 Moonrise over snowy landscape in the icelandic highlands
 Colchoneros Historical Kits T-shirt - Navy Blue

_____

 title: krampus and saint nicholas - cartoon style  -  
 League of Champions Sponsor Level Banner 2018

_____

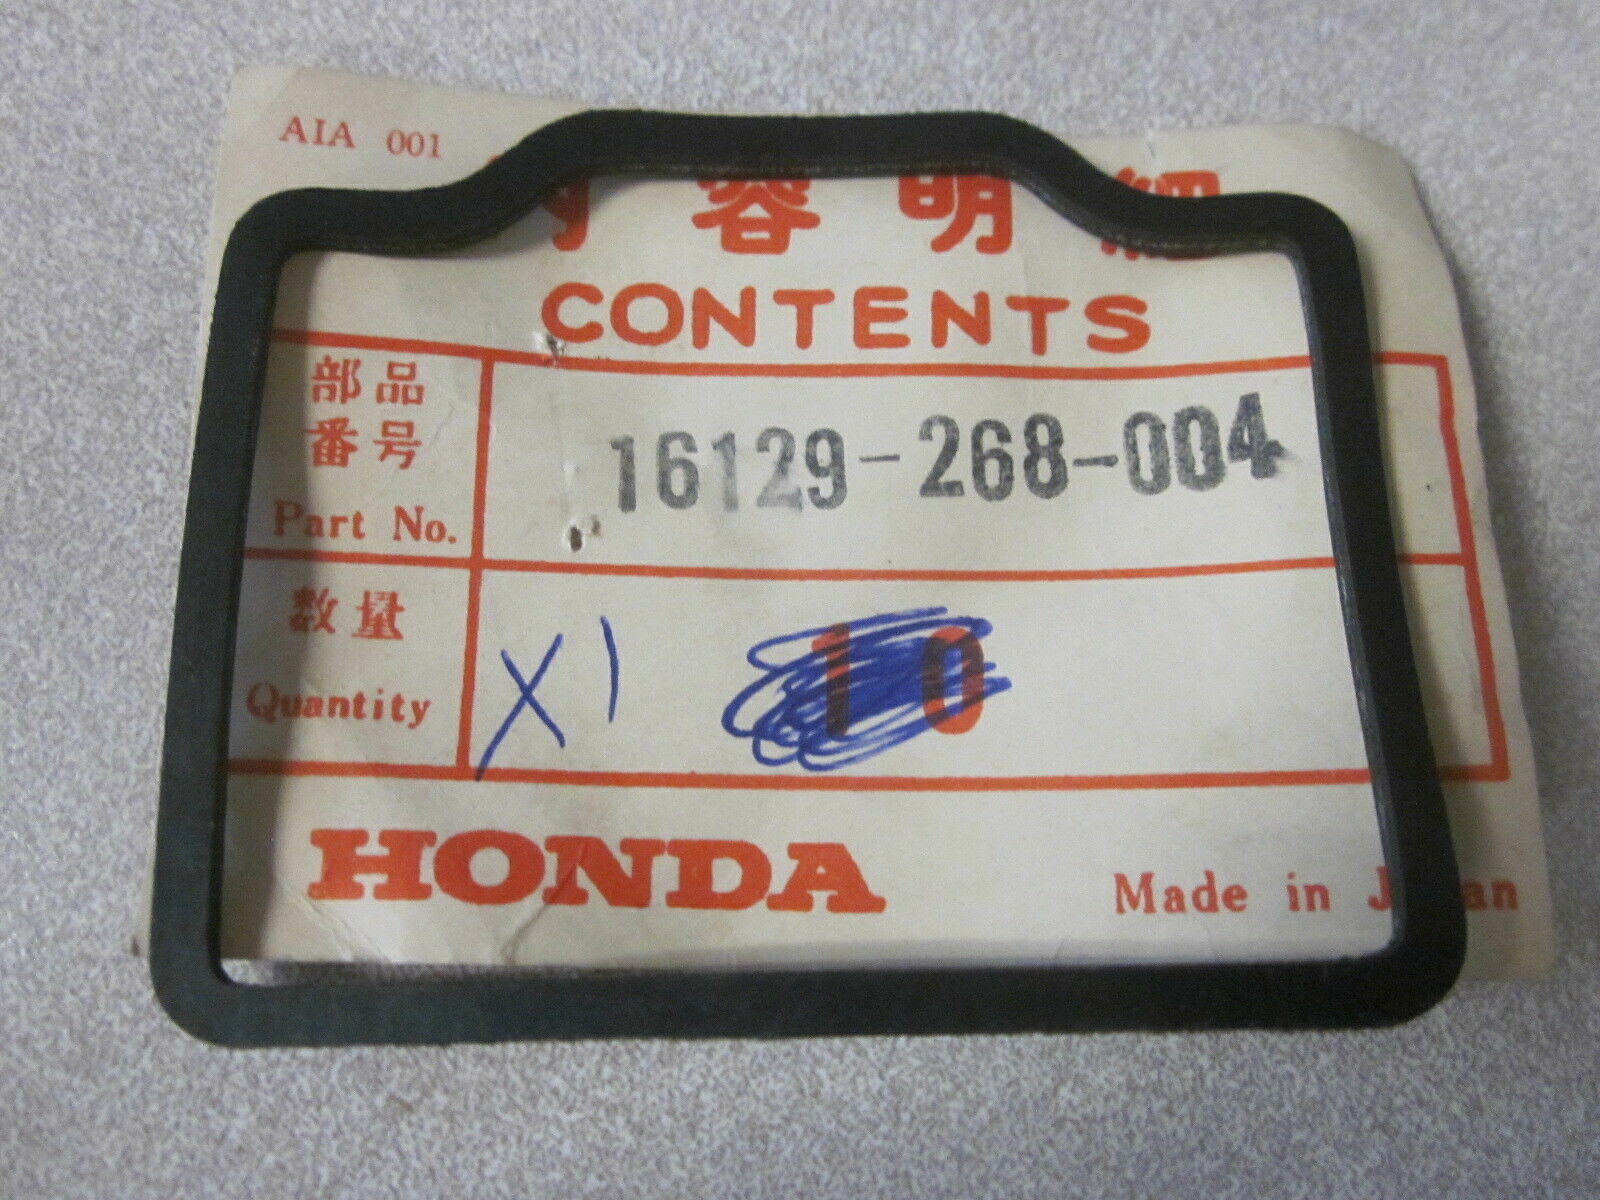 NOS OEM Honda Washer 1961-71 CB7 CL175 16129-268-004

_____

**Assignment:**
Working from the material above, retype exactly the lines from the one with "title: krampus and" through the one with "League of Champions", both included, and only those lines.

**Solution:**
 title: krampus and saint nicholas - cartoon style  -  
 League of Champions Sponsor Level Banner 2018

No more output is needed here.